Il Pescato Locale Calabrese si conferma a tutti gli effetti come un elemento identitario tra i più importanti e persistenti della Calabria, sia per le specie ittiche catturate (Pesce Spada, Tonno, Pesce Azzurro, Crostacei…), con relative specifiche tecniche e attrezzature, sia per le culture artigiane e gastronomiche che ne sono derivate. Si pensi alla mitica “Sardella” o “Rosamarina”, o alle varie usanze di conservazione del tonno, o ai piatti che hanno come ingrediente il Pesce Spada, o alle varie zuppe (‘u Quadaru crotonese, ad esempio) che esaltano una varietà di pesci solo apparentemente di “seconda scelta”, oppure all’ampia e articolata proposta che coinvolge il pesce azzurro, con in testa le alici e le sarde, sia per quanto concerne le tecniche di conservazione (sale, peperoncino, olio…) sia le tante diverse pietanze della tradizione. Saperi, sapori e profumi fortunatamente ancora intatti, autentici e riproducibili, tanto da poter diventare sia elemento primario di stili di vita a misura d’uomo sia potente attrattore turistico.

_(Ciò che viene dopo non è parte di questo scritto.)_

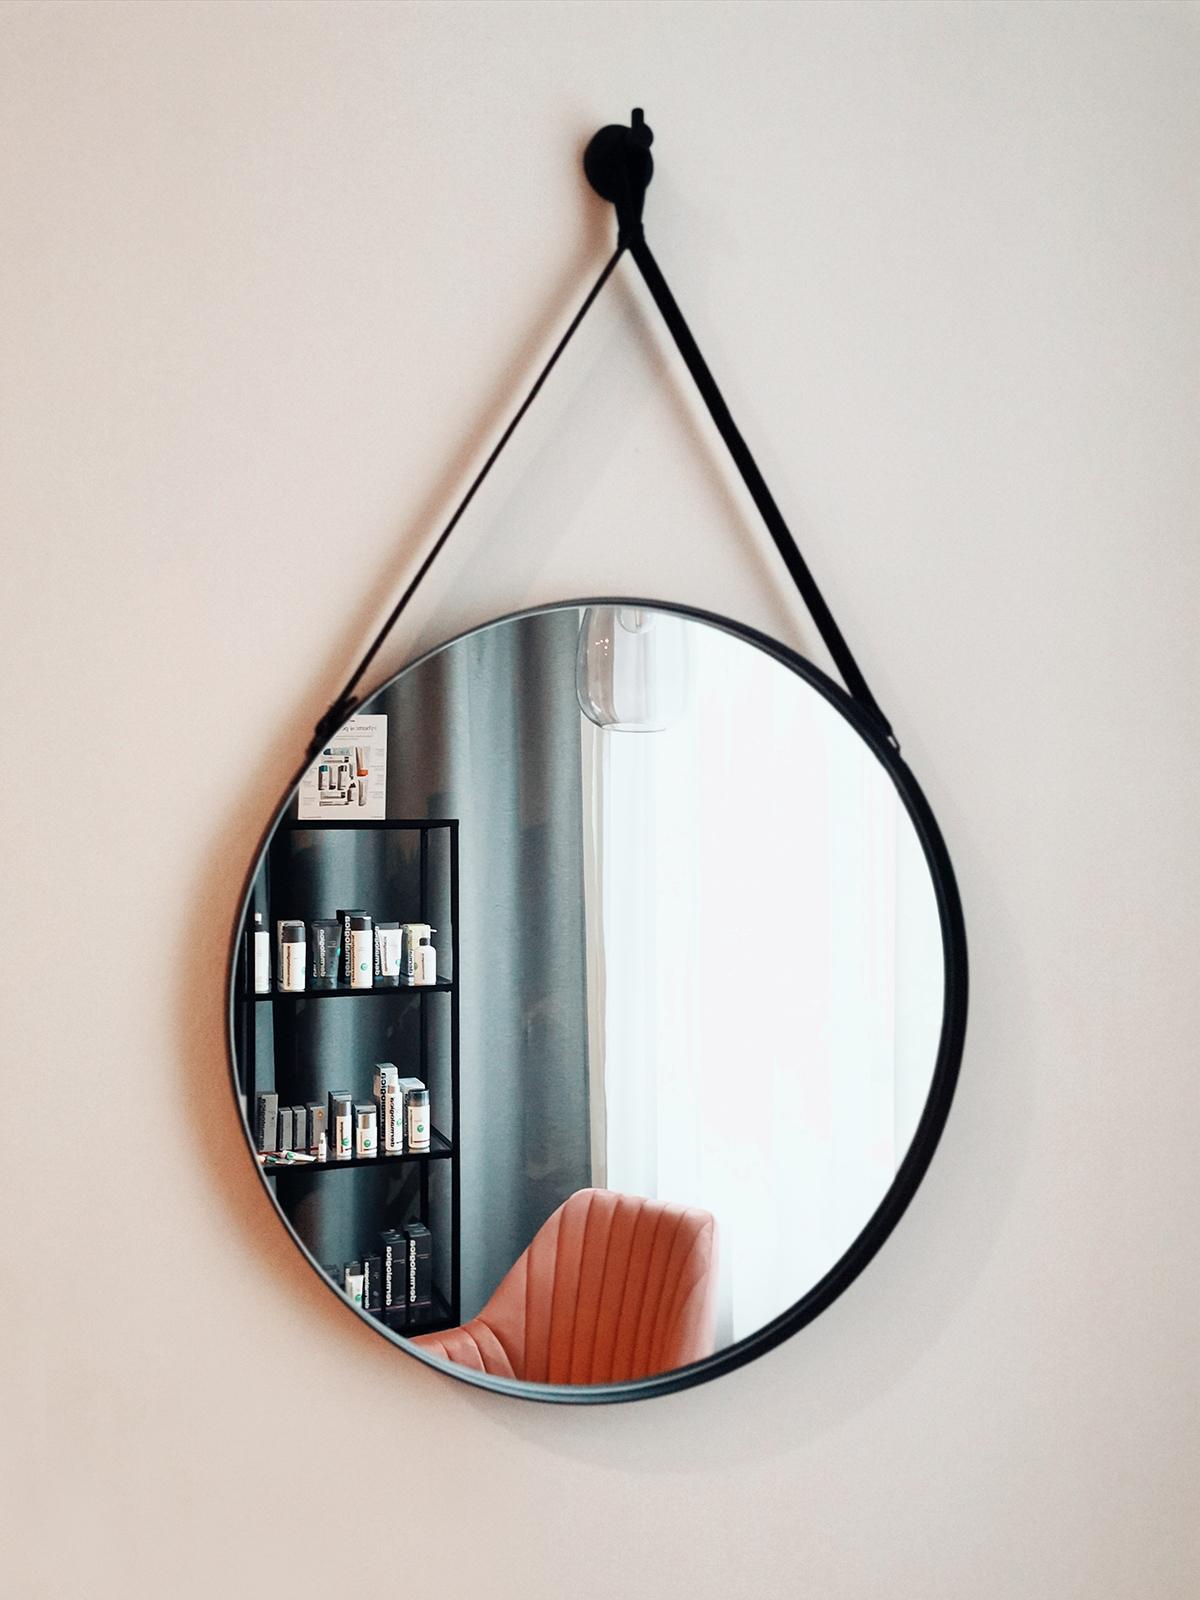 kosmetický salon, tranquility, josef trakal

Eccoli quindi gli evidenti vantaggi economico-sociali connessi alla massima valorizzazione e promozione del pescato locale calabrese: difesa e potenziamento delle realtà produttive esistenti, rappresentate spesso da aziende familiari o da positivi esempi di cooperazione in un Mezzogiorno caratterizzato da perduranti forme di individualismo; sostegno alla cucina identitaria basata su materia prima d’eccellenza e intesa anche come arricchimento di ogni tipo di offerta turistica; rafforzamento delle aziende di trasformazione, dalle più grandi alle più piccole; incentivo alla realizzazione di percorsi turistici ad hoc (tonnare, esperienze dirette sulle diverse tipologie di barche, diporto…) e di strutture museali, emulando la realtà dei più numerosi presìdi della civiltà contadina sparsi su tutto il territorio regionale; recupero della nobile tradizione della costruzione artigiana di barche da pesca, grazie ai mitici maestri d’ascia.
Da non sottovalutare, infine, la strettissima connessione che esiste fra la massima valorizzazione e promozione del pescato locale calabrese quale elemento costitutivo di un’alimentazione sana ed equilibrata e la Dieta Mediterranea che ha ottenuto, proprio dieci anni fa, il prestigioso riconoscimento Unesco quale bene immateriale dell’umanità. È risaputo, ad esempio, come il pesce azzurro (alici, sgombri, sarde…) sia una fonte eccellente di Omega 3, acidi grassi polinsaturi essenziali, che contribuiscono a costruire un’alimentazione bilanciata, salutistica, equilibrata.
Valorizzare e promuovere adeguatamente il Pescato Locale Calabrese non può che avere effetti benefici su tutto il territorio regionale.

Su questi capisaldi si fonda la campagna promozionale della Regione Calabria denominata “CALABRIA, Un mare di pesci da gustare. Tra identità, economia e dieta mediterranea”.